Nampa (Street Pickup)
✎ 本文編集 (admin) 🖼 画像編集 (admin)The unsolicited calling-out to a stranger on the street was formed as an Edo-period vogue word, and re-established itself in postwar Japanese subculture as a peculiar cultural phenomenon.
Nampa (軟派; English pickup) is an act-form of calling out to a stranger of the opposite sex in public space and attempting to develop a relationship. This article treats the word-history of “nanpa” from the Edo period, its re-establishment in postwar Japanese youth culture, and its influence on the amateur genre and the personal-filming sphere.
Overview
Nampa denotes the act in which a man (mainly) calls out to an unknown woman in a public space such as a street, downtown, or entertainment facility, intending the immediate or future development of a relationship. It holds an aspect as a social and cultural phenomenon peculiar to Japan, and took root as one mode of behaviour in Japanese youth culture from the 1970s onward.
“Nampa” in the context of sexual expression denotes the genre that thematises the above act-form itself. The “nampa project” in the field of AV is a form combining the amateur-ness of the performer, the improvisation of the filming process, and the narrative structure of the move from the street to a private space; it has been one of the major genres since the late 1990s.
Etymology and history
The etymon of “nanpa”
The word “nanpa” has its direct origin in student vocabulary from the late Edo to the Meiji period.

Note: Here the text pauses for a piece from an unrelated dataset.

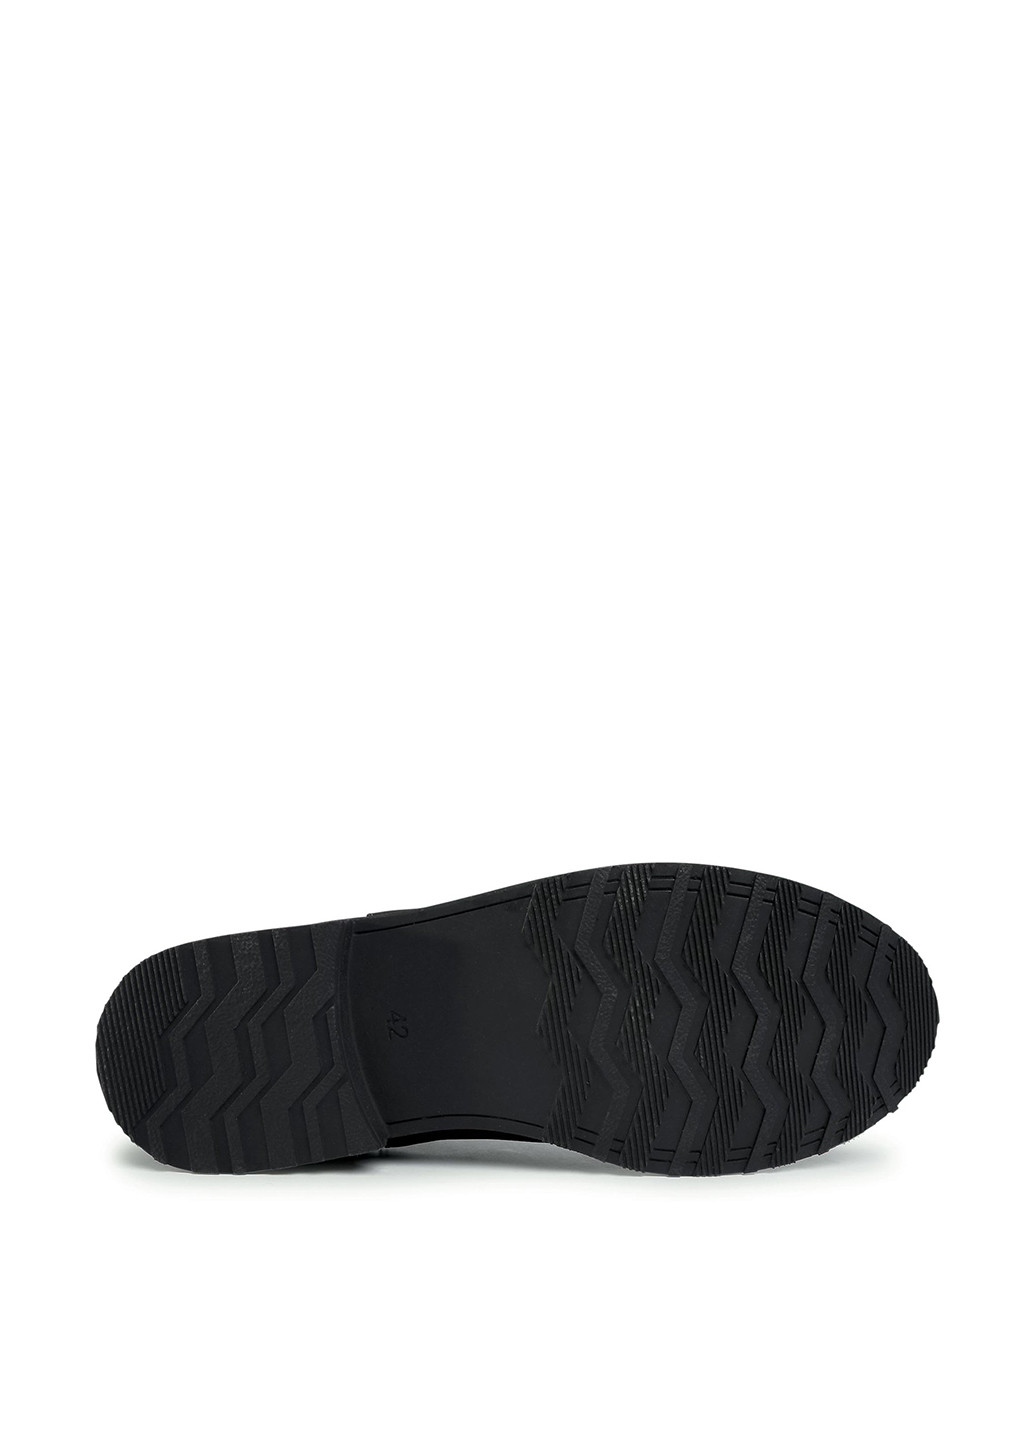 Черные осенние черевики lasocki for men mi08-c307-250-02 челси Lasocki for men
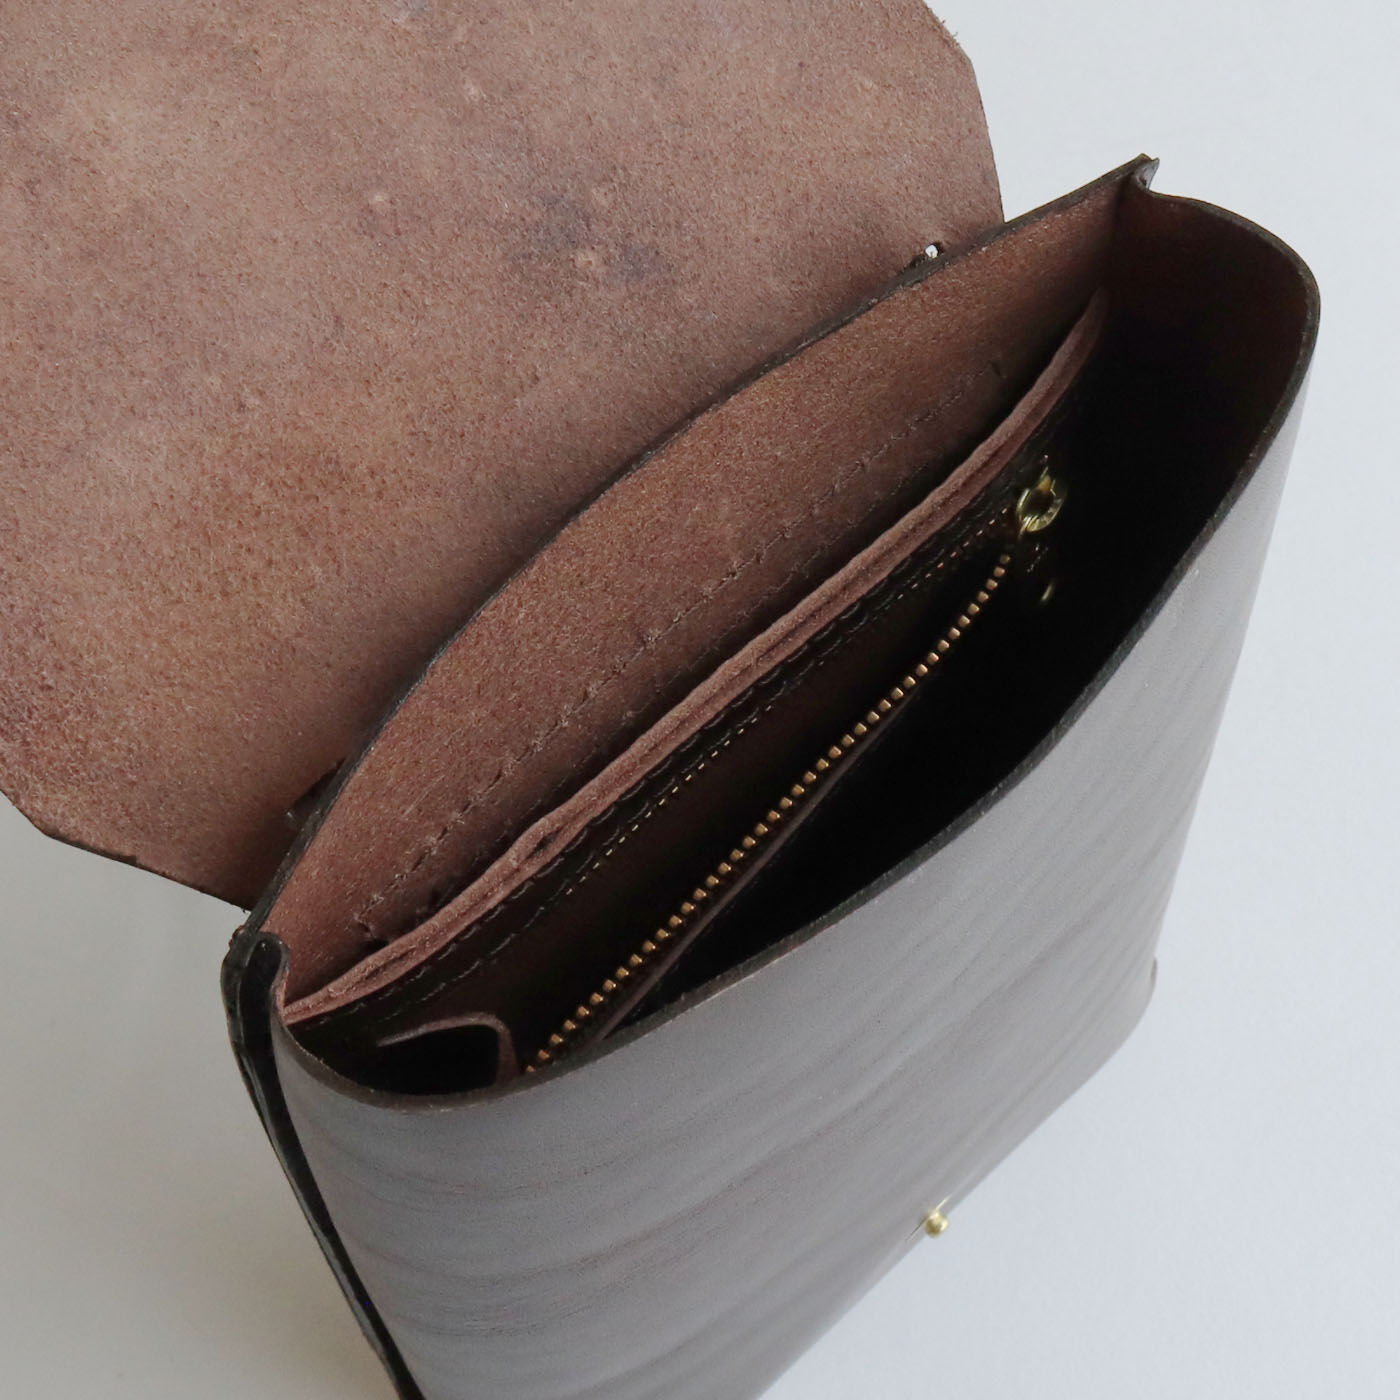 ＆Stories|福岡の鞄作家と作った 職人本革のアーネストバッグ〈ウッドブラウン〉|便利なファスナーポケット付き。

Originally it was used politically and socially as the counter-concept of “kōha” (hardliner, a hard, strict stance) and “nanpa” (a flexible, mild stance). From the late Meiji to the Taisho period, as vocabulary among students, “kōha” came to denote the stance valuing study, martial arts, and male-to-male friendship, and “nanpa” the stance valuing relations with women and amusement, fixed as antonyms. “Nanpa” in this usage carried no particularly negative connotation, neutrally expressing a preference in lifestyle.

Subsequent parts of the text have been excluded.